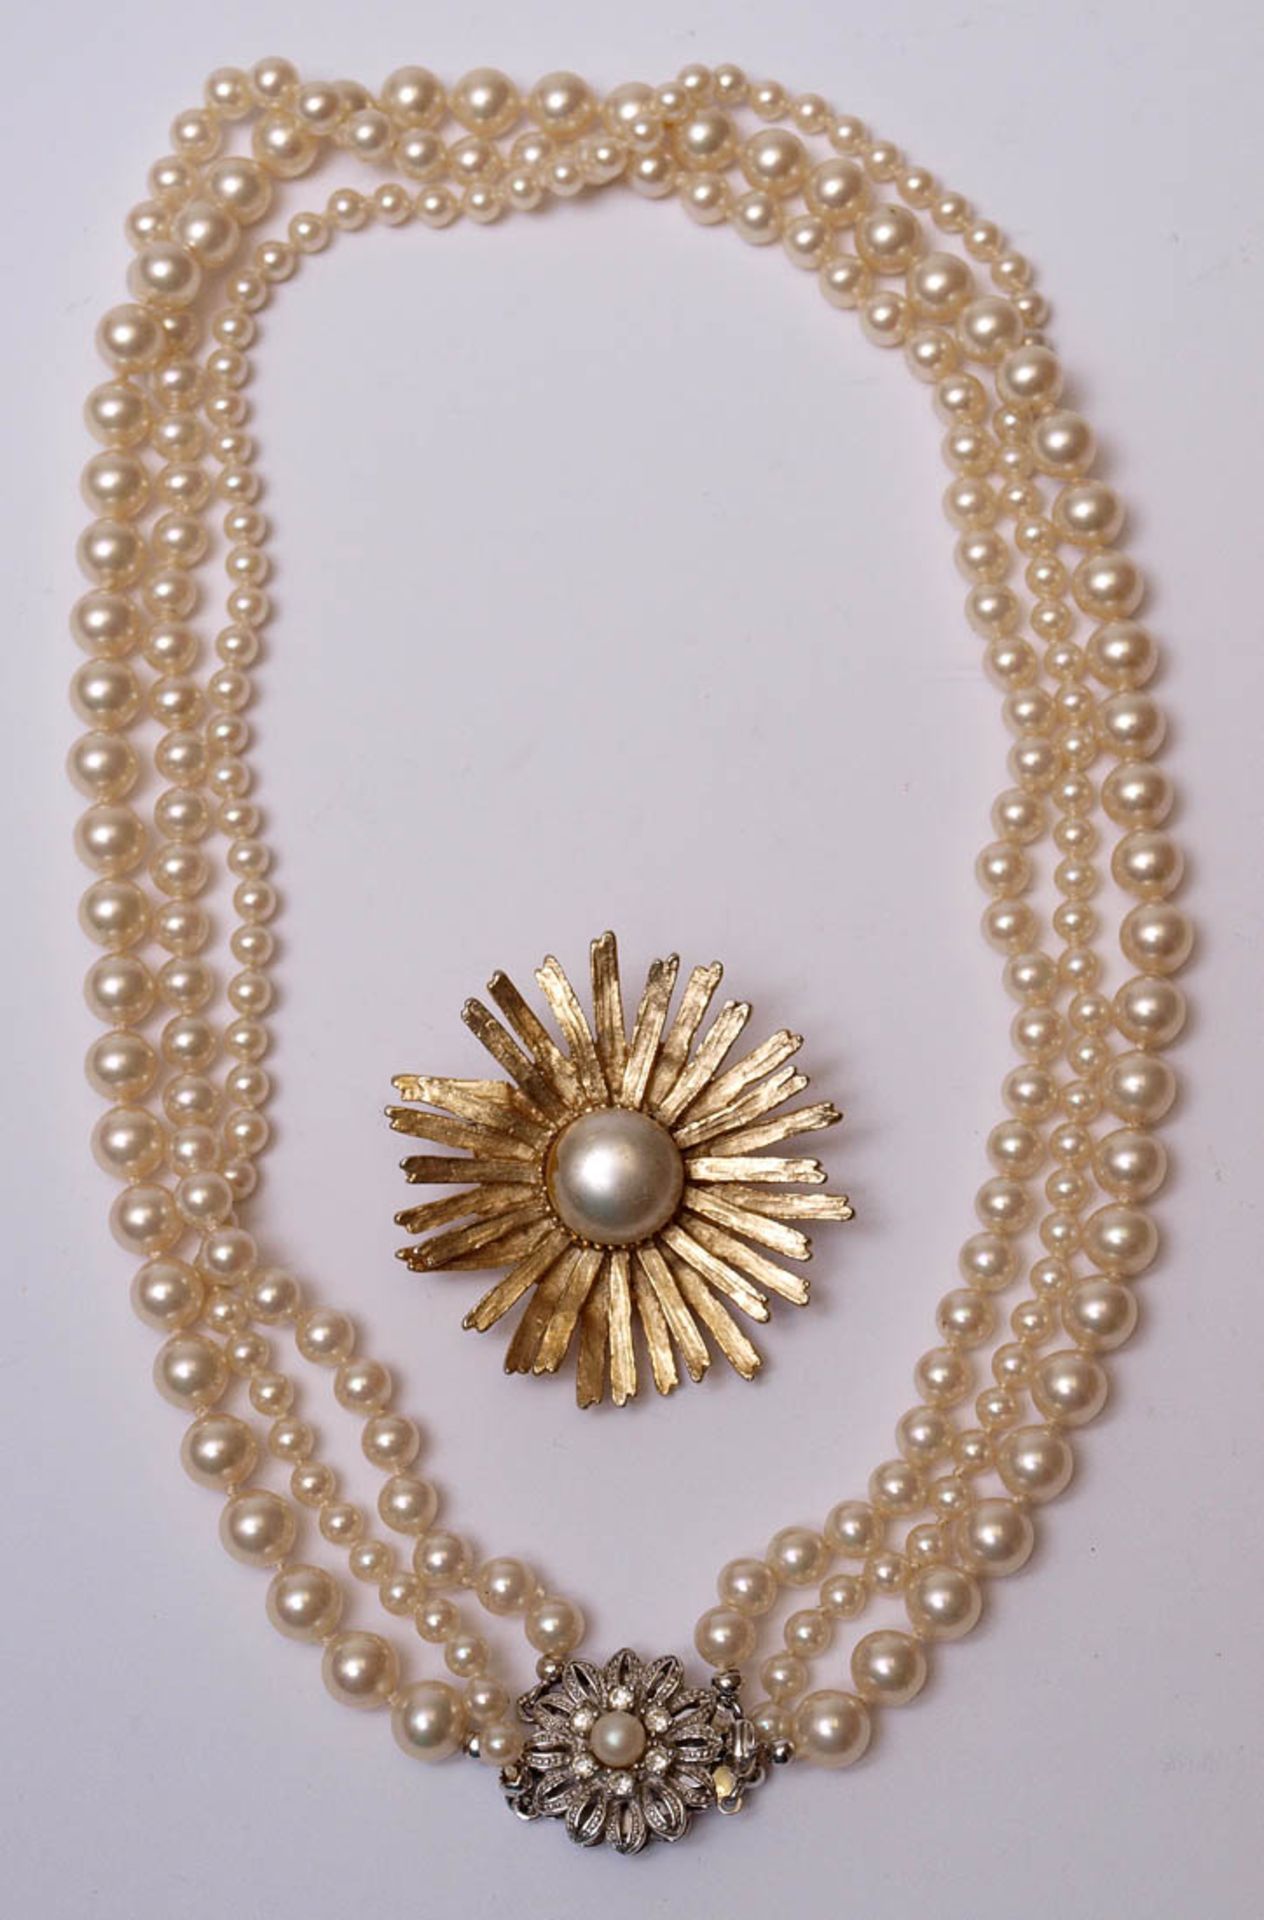 KonvolutDreireihige Zuchtperlkette mit Perlen von unterschiedlichem Durchmesser. Blütenförmiges - Bild 2 aus 2
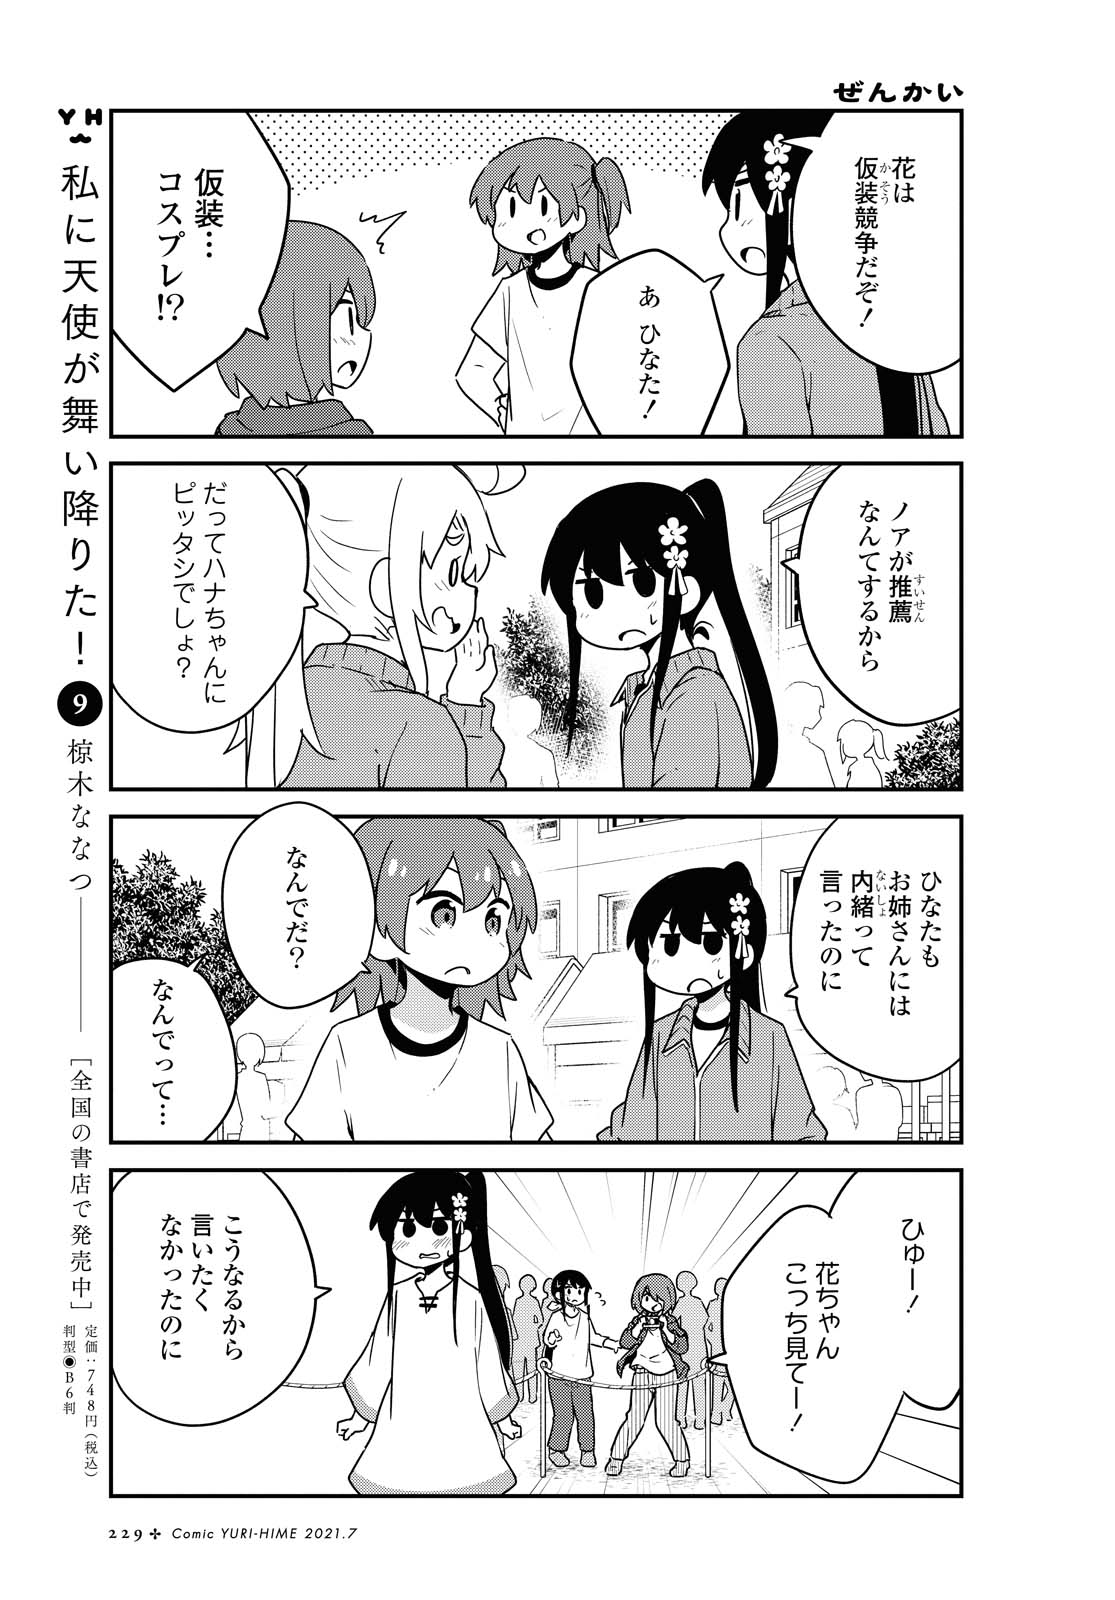 Watashi ni Tenshi ga Maiorita! - Chapter 83 - Page 5
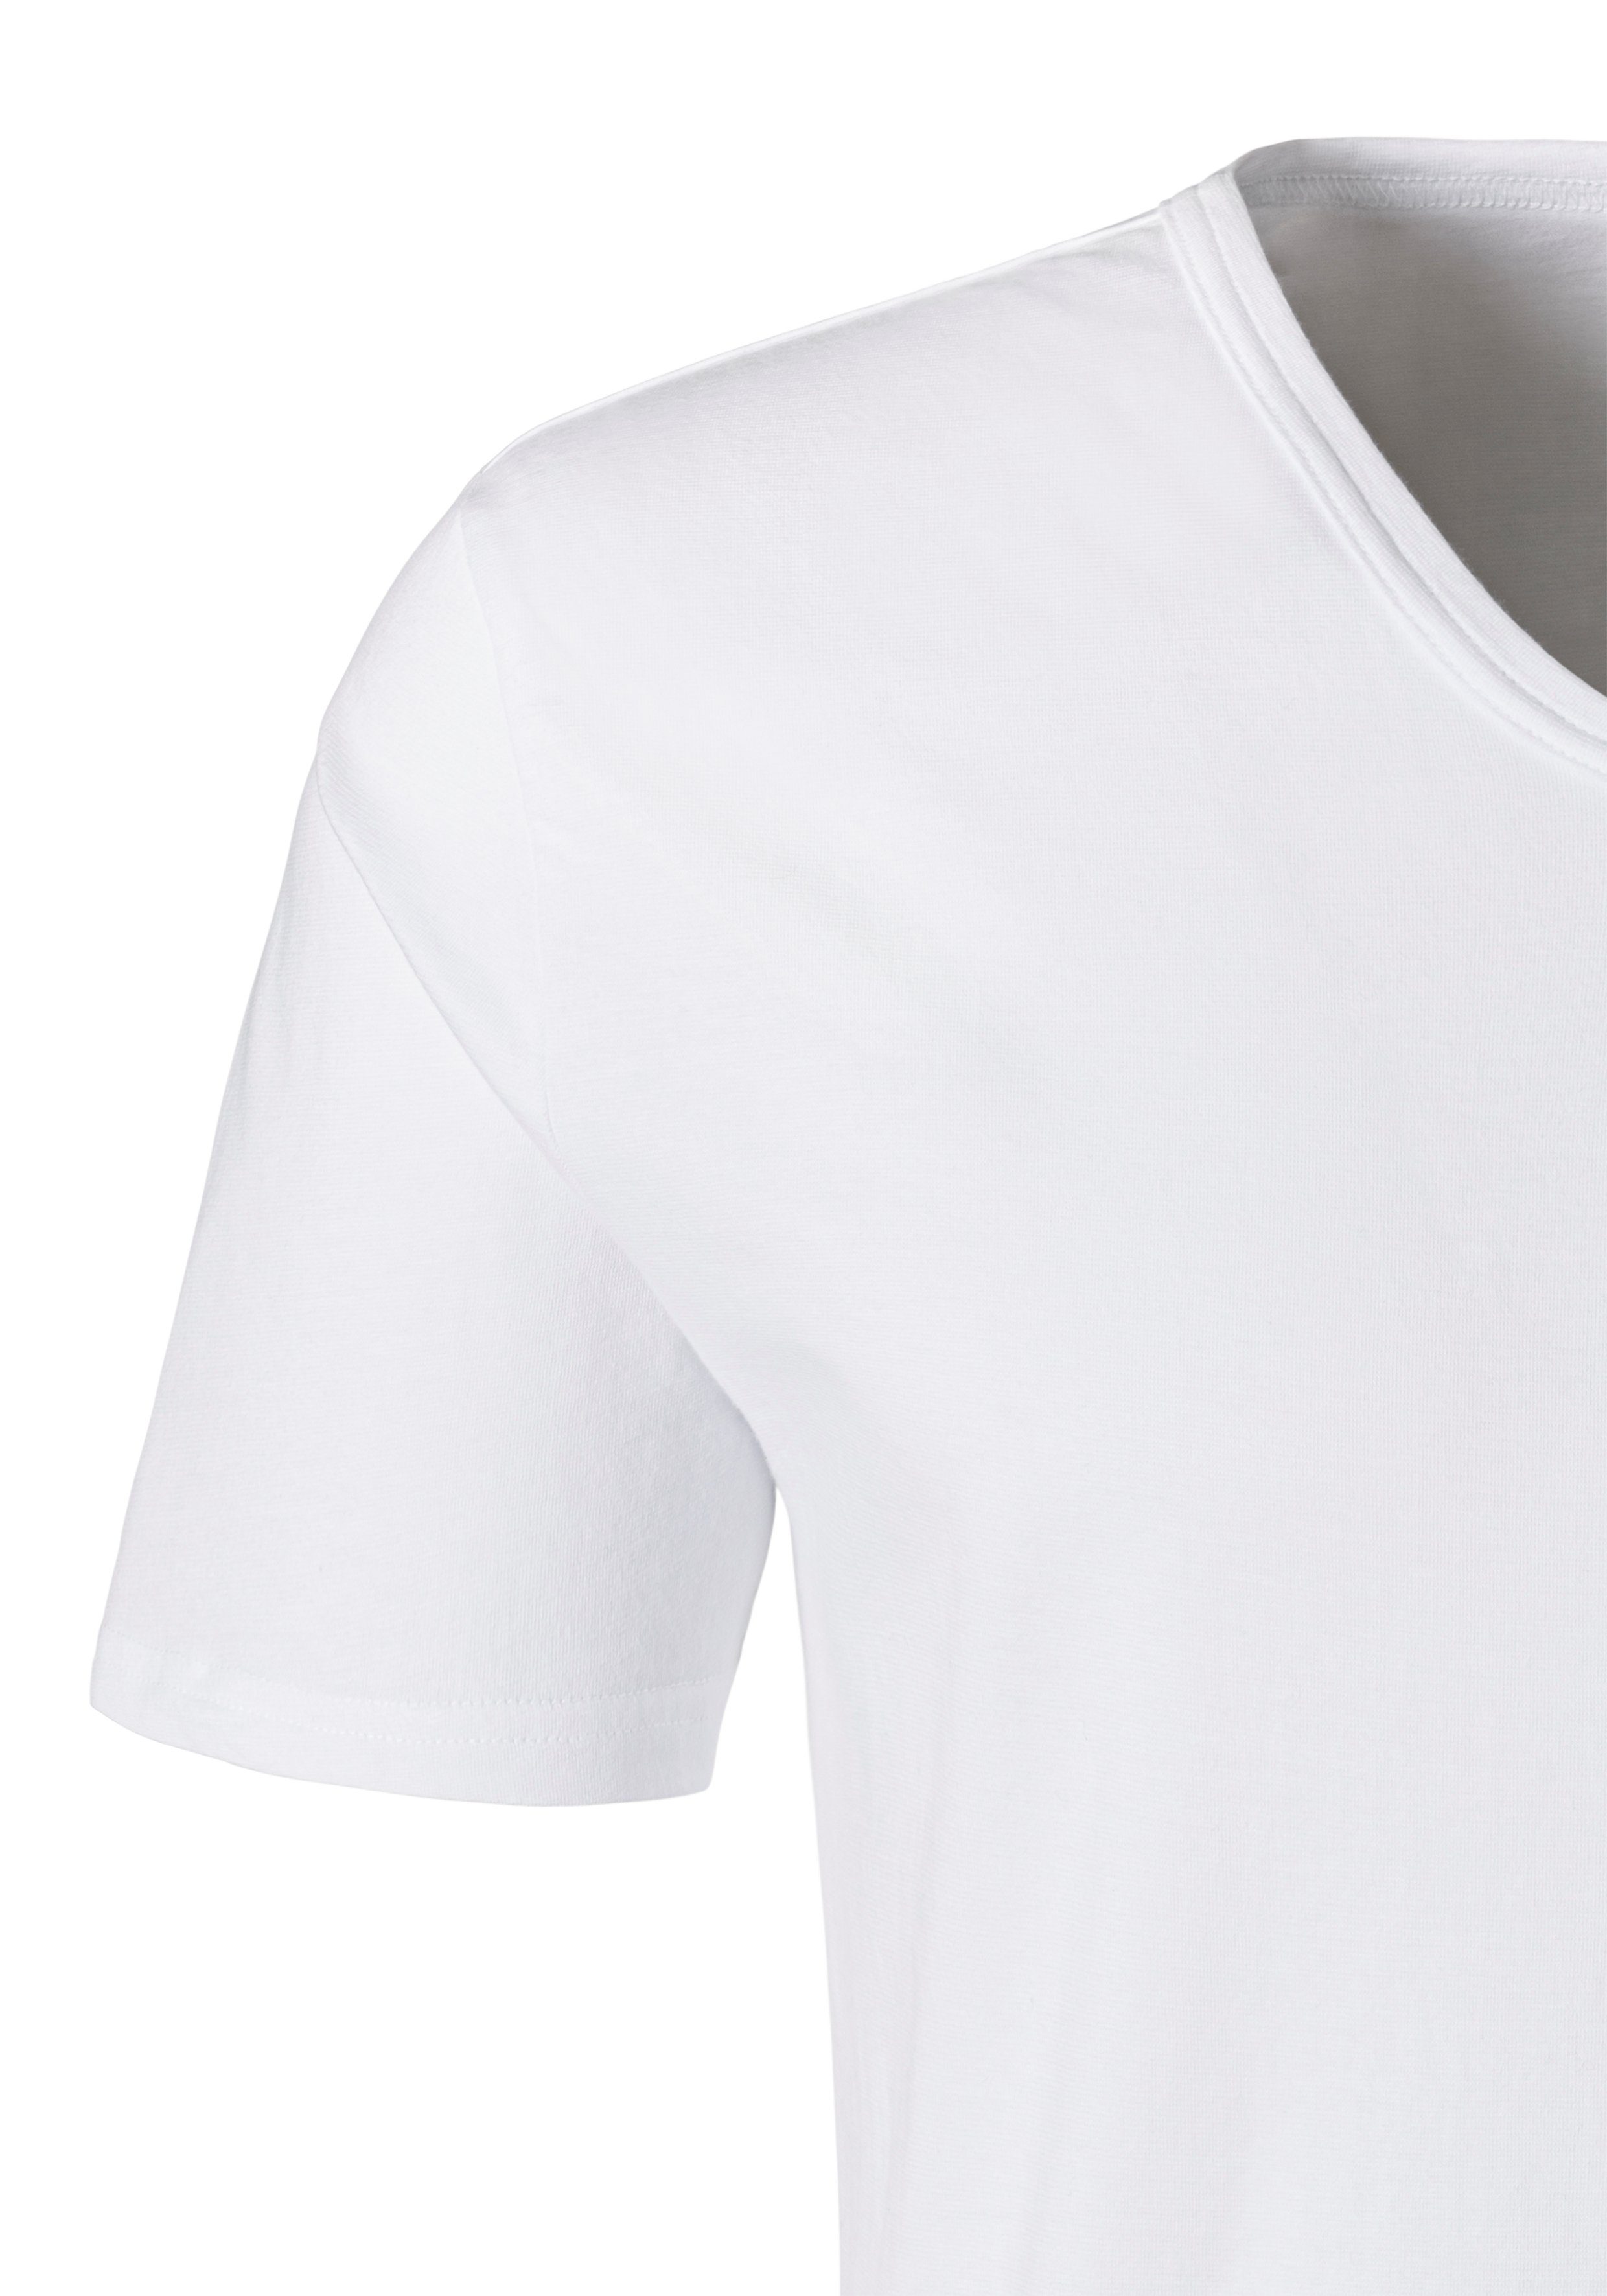 weiß V-Ausschnitt kleinem T-Shirt Logo, H.I.S Unterziehshirt (2-St) und mit Unterhemd,
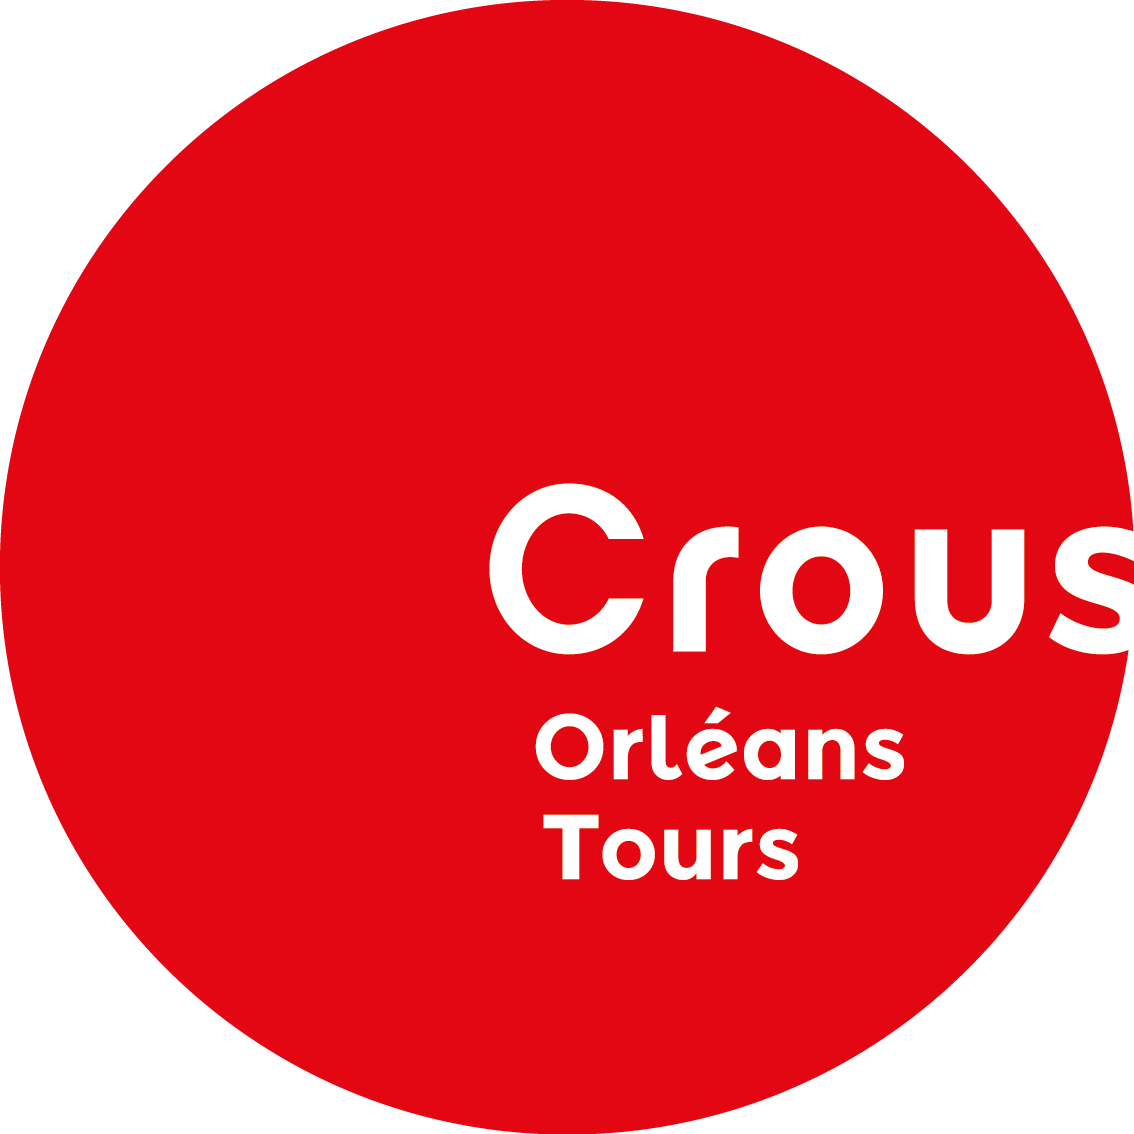 fiche administrative crous orleans tours

> **REQUIREMENT**
Only the lines from the one containing "Watashi ni Tenshi" through the final line of the data are to be written out, exactly as they stand and without pictures.

> **FINAL ANSWER**
 Watashi ni Tenshi ga Maiorita! - Chapter 83 - Page 5
 weiß V-Ausschnitt kleinem T-Shirt Logo, H.I.S Unterziehshirt (2-St) und mit Unterhemd,
 fiche administrative crous orleans tours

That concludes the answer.